I set MIN_DELTA to 0.25 so that mouse movements that are within 250 milliseconds of each other do not get recorded. To finish up my program, I wrapped the import statement for PyUserInput in a try clause that would run a setup.sh script and install the module if an ImportError is caught. With this program completed, we finally have a fully functional robust application for logging mouse events, and the log file formatting will make it easy to extract certain parameters for entropy.

Week 9: Java and Fireworks

For this shortened Fourth of July week, I turned to Java to develop a program capable of logging mouse events. One advantage of using Java is that it is intrinsically platform-independent since each Java application is compiled into bytecode that is then executed in the Java Runtime Environment. I used the java.awt.MouseInfo class to sample the x and y coordinates of the mouse ten times per second. If the position of the mouse has not changed since the last sample, it is not logged again. The code ended up looking like this:

while(true){

            Point mousePt = MouseInfo.getPointerInfo().getLocation();

            mouseX = Math.max(0, mousePt.x);

            mouseY = Math.max(0, mousePt.y);

            if (mouseX != prevX || mouseY != prevY){

                unixTime = System.currentTimeMillis();

                delta = unixTime - prevTime;

                String content = unixTime + " " + delta +

                    " [" + mouseX + "," + mouseY + "]\n";

                writeToFile(filename, content);

            }

            try { Thread.sleep(100); }

            catch (InterruptedException exception){

                exception.printStackTrace();

                throw exception;

            }

            prevX = mouseX;

            prevY = mouseY;

            prevTime = unixTime;

}

The log file I create also includes the timestamp with millisecond granularity as well as the delta since the last different pair of x and y coordinates. This program should work for all three of the platforms we have targeted for this project.

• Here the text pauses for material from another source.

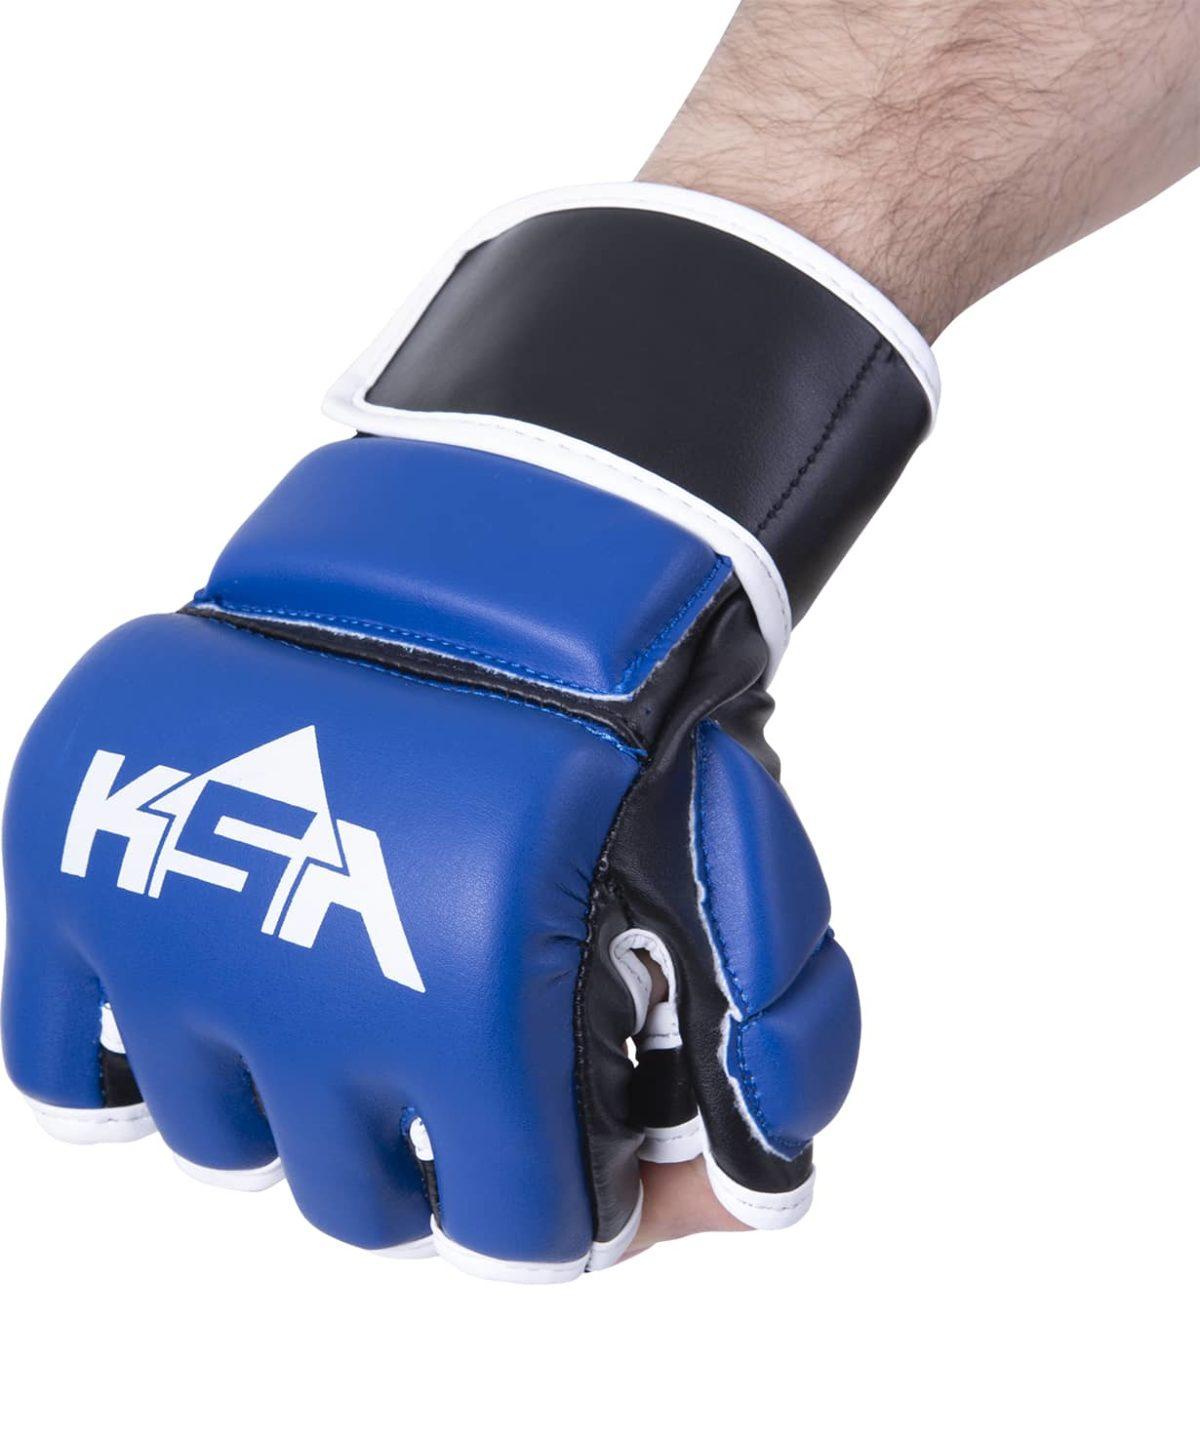 KSA Перчатки для ММА Wasp Blu, к/з 7850 - 2
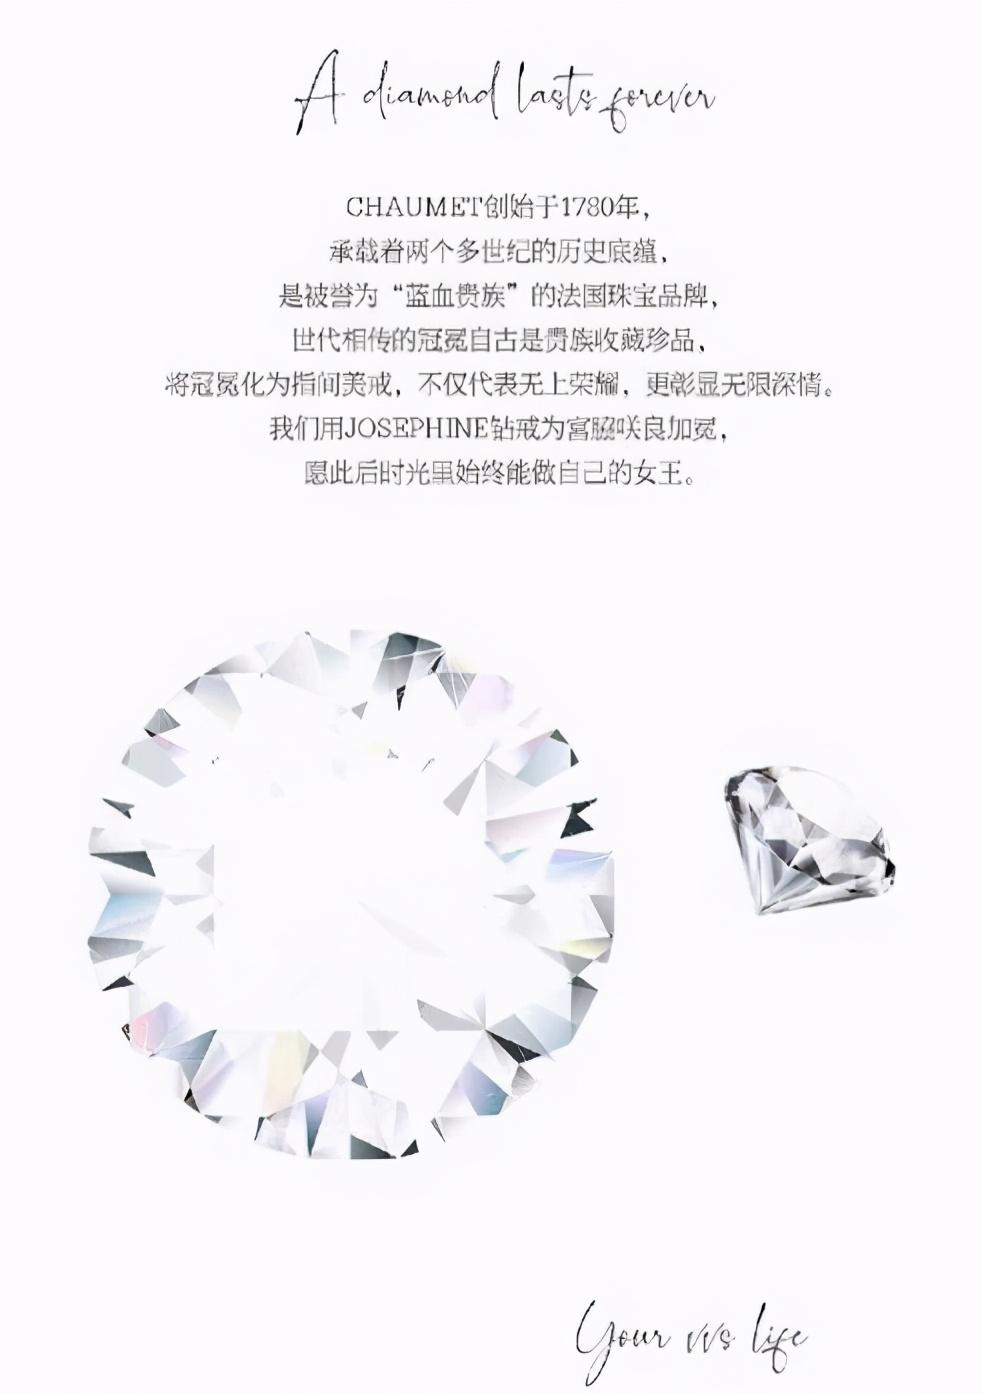 中飯為日本女星慶生,集資4億買奢華鑽戒,還放狠話:別嫁窮男人

Week 8: Mouse Event Logging

The first thing I did this week was research Linux keyloggers. While there are many online, there are few open source solutions that offer the flexibility required for our project. In fact, I only found one source that provides a timestamp for each individual key pressed. I changed the script to store the data in a local log file that can be parsed later on.

For the rest of the week, I did a lot of research on Linux device event files in order to work on capturing mouse events. Unfortunately, the protocol for this OS service varies wildly depending on the Linux distro in question and I was unable to find a truly reliable source for working with the Ubuntu VM. I also refrained from investigating rootkits because I did not want to put my personal machine at risk. So far, my understanding is that a new input_event struct is written to the event file every time the given hardware device has a new event to report. The struct has the following format:

struct input_event {

struct timeval time;

__u16 type;

__u16 code;

__s32 value;

};

However, when I use programs that try to exploit this data formatting, the only field that ever changes is the timeval struct while the type, code, and value remain constant. The best option I could find for logging mouse events was the python bindings for evdev. Using this package to read /dev/input/event3, the mouse event file for Ubuntu 12.04 LTS, I am able to record mouse clicks with extremely precise timestamps. None of the deltas get recorded and the coordinates of the mouse when it is clicked are not logged either.